- [Supplied entries]
---------------

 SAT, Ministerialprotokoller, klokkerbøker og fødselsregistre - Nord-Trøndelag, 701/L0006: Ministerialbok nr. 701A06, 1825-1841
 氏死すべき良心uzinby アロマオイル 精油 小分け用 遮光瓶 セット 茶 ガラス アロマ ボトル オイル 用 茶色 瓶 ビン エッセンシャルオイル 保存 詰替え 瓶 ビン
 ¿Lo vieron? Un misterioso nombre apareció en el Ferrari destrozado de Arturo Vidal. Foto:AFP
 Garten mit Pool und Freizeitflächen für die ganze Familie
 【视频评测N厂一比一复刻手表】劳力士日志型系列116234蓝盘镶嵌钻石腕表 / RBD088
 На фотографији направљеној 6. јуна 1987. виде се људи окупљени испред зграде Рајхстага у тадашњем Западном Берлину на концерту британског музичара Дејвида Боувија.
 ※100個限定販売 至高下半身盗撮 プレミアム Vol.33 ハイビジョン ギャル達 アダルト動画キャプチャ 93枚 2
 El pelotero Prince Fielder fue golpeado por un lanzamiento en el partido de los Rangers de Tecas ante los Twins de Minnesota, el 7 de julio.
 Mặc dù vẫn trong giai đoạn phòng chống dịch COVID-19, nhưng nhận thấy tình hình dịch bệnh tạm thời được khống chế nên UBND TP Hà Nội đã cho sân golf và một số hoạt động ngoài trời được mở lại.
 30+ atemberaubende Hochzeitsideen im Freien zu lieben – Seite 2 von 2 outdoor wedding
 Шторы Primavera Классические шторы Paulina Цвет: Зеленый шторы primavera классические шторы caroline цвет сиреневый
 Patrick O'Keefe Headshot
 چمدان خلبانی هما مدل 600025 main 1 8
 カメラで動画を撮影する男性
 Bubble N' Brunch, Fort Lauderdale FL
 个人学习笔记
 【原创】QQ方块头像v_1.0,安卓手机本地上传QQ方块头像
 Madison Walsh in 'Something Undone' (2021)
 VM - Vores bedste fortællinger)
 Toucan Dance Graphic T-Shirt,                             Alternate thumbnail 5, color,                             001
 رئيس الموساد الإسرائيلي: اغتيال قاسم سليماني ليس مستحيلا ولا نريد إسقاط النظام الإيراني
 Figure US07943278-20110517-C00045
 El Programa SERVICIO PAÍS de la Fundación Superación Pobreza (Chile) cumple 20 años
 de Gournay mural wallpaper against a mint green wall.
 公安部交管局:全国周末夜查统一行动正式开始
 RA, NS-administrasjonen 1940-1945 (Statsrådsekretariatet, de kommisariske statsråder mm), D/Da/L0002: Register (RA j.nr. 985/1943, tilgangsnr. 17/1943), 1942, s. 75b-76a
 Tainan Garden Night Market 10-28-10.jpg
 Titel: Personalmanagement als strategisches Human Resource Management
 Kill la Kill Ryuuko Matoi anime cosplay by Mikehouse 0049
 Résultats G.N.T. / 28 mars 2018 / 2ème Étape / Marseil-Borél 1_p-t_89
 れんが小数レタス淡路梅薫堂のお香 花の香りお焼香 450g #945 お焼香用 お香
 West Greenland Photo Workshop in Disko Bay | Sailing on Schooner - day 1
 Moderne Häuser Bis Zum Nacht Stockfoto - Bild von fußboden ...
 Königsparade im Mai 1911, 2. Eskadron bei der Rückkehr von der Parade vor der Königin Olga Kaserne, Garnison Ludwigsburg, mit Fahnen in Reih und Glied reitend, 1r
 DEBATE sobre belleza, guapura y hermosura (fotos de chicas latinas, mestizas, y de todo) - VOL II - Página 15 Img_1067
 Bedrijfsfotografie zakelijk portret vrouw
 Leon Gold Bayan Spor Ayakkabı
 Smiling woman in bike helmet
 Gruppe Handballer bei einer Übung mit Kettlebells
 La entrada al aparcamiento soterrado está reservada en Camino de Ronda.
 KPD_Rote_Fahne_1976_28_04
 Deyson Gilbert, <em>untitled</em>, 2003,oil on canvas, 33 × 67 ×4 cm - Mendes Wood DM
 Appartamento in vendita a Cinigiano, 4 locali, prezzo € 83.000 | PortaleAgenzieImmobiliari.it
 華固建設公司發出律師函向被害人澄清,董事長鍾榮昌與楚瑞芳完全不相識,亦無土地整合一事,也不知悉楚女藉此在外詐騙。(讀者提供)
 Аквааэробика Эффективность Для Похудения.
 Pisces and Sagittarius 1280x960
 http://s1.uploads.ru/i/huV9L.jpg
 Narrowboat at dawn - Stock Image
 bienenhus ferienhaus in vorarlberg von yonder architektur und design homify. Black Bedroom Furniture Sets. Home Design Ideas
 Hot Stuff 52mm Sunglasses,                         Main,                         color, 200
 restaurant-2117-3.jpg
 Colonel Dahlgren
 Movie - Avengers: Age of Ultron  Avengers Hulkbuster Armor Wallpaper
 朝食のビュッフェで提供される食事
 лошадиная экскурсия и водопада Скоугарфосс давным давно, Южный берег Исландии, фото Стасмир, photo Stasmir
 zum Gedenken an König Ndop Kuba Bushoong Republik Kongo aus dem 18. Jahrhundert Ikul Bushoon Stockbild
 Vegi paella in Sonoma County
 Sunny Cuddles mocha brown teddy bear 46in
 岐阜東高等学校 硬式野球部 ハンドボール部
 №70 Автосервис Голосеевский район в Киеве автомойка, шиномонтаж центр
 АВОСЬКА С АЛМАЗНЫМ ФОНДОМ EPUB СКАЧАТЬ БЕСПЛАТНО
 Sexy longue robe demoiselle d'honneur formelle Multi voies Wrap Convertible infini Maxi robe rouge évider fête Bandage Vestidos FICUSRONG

---------------

- [Instructions for the task]
Please make an exact copy of each record.

- [Response]
 SAT, Ministerialprotokoller, klokkerbøker og fødselsregistre - Nord-Trøndelag, 701/L0006: Ministerialbok nr. 701A06, 1825-1841
 氏死すべき良心uzinby アロマオイル 精油 小分け用 遮光瓶 セット 茶 ガラス アロマ ボトル オイル 用 茶色 瓶 ビン エッセンシャルオイル 保存 詰替え 瓶 ビン
 ¿Lo vieron? Un misterioso nombre apareció en el Ferrari destrozado de Arturo Vidal. Foto:AFP
 Garten mit Pool und Freizeitflächen für die ganze Familie
 【视频评测N厂一比一复刻手表】劳力士日志型系列116234蓝盘镶嵌钻石腕表 / RBD088
 На фотографији направљеној 6. јуна 1987. виде се људи окупљени испред зграде Рајхстага у тадашњем Западном Берлину на концерту британског музичара Дејвида Боувија.
 ※100個限定販売 至高下半身盗撮 プレミアム Vol.33 ハイビジョン ギャル達 アダルト動画キャプチャ 93枚 2
 El pelotero Prince Fielder fue golpeado por un lanzamiento en el partido de los Rangers de Tecas ante los Twins de Minnesota, el 7 de julio.
 Mặc dù vẫn trong giai đoạn phòng chống dịch COVID-19, nhưng nhận thấy tình hình dịch bệnh tạm thời được khống chế nên UBND TP Hà Nội đã cho sân golf và một số hoạt động ngoài trời được mở lại.
 30+ atemberaubende Hochzeitsideen im Freien zu lieben – Seite 2 von 2 outdoor wedding
 Шторы Primavera Классические шторы Paulina Цвет: Зеленый шторы primavera классические шторы caroline цвет сиреневый
 Patrick O'Keefe Headshot
 چمدان خلبانی هما مدل 600025 main 1 8
 カメラで動画を撮影する男性
 Bubble N' Brunch, Fort Lauderdale FL
 个人学习笔记
 【原创】QQ方块头像v_1.0,安卓手机本地上传QQ方块头像
 Madison Walsh in 'Something Undone' (2021)
 VM - Vores bedste fortællinger)
 Toucan Dance Graphic T-Shirt,                             Alternate thumbnail 5, color,                             001
 رئيس الموساد الإسرائيلي: اغتيال قاسم سليماني ليس مستحيلا ولا نريد إسقاط النظام الإيراني
 Figure US07943278-20110517-C00045
 El Programa SERVICIO PAÍS de la Fundación Superación Pobreza (Chile) cumple 20 años
 de Gournay mural wallpaper against a mint green wall.
 公安部交管局:全国周末夜查统一行动正式开始
 RA, NS-administrasjonen 1940-1945 (Statsrådsekretariatet, de kommisariske statsråder mm), D/Da/L0002: Register (RA j.nr. 985/1943, tilgangsnr. 17/1943), 1942, s. 75b-76a
 Tainan Garden Night Market 10-28-10.jpg
 Titel: Personalmanagement als strategisches Human Resource Management
 Kill la Kill Ryuuko Matoi anime cosplay by Mikehouse 0049
 Résultats G.N.T. / 28 mars 2018 / 2ème Étape / Marseil-Borél 1_p-t_89
 れんが小数レタス淡路梅薫堂のお香 花の香りお焼香 450g #945 お焼香用 お香
 West Greenland Photo Workshop in Disko Bay | Sailing on Schooner - day 1
 Moderne Häuser Bis Zum Nacht Stockfoto - Bild von fußboden ...
 Königsparade im Mai 1911, 2. Eskadron bei der Rückkehr von der Parade vor der Königin Olga Kaserne, Garnison Ludwigsburg, mit Fahnen in Reih und Glied reitend, 1r
 DEBATE sobre belleza, guapura y hermosura (fotos de chicas latinas, mestizas, y de todo) - VOL II - Página 15 Img_1067
 Bedrijfsfotografie zakelijk portret vrouw
 Leon Gold Bayan Spor Ayakkabı
 Smiling woman in bike helmet
 Gruppe Handballer bei einer Übung mit Kettlebells
 La entrada al aparcamiento soterrado está reservada en Camino de Ronda.
 KPD_Rote_Fahne_1976_28_04
 Deyson Gilbert, <em>untitled</em>, 2003,oil on canvas, 33 × 67 ×4 cm - Mendes Wood DM
 Appartamento in vendita a Cinigiano, 4 locali, prezzo € 83.000 | PortaleAgenzieImmobiliari.it
 華固建設公司發出律師函向被害人澄清,董事長鍾榮昌與楚瑞芳完全不相識,亦無土地整合一事,也不知悉楚女藉此在外詐騙。(讀者提供)
 Аквааэробика Эффективность Для Похудения.
 Pisces and Sagittarius 1280x960
 http://s1.uploads.ru/i/huV9L.jpg
 Narrowboat at dawn - Stock Image
 bienenhus ferienhaus in vorarlberg von yonder architektur und design homify. Black Bedroom Furniture Sets. Home Design Ideas
 Hot Stuff 52mm Sunglasses,                         Main,                         color, 200
 restaurant-2117-3.jpg
 Colonel Dahlgren
 Movie - Avengers: Age of Ultron  Avengers Hulkbuster Armor Wallpaper
 朝食のビュッフェで提供される食事
 лошадиная экскурсия и водопада Скоугарфосс давным давно, Южный берег Исландии, фото Стасмир, photo Stasmir
 zum Gedenken an König Ndop Kuba Bushoong Republik Kongo aus dem 18. Jahrhundert Ikul Bushoon Stockbild
 Vegi paella in Sonoma County
 Sunny Cuddles mocha brown teddy bear 46in
 岐阜東高等学校 硬式野球部 ハンドボール部
 №70 Автосервис Голосеевский район в Киеве автомойка, шиномонтаж центр
 АВОСЬКА С АЛМАЗНЫМ ФОНДОМ EPUB СКАЧАТЬ БЕСПЛАТНО
 Sexy longue robe demoiselle d'honneur formelle Multi voies Wrap Convertible infini Maxi robe rouge évider fête Bandage Vestidos FICUSRONG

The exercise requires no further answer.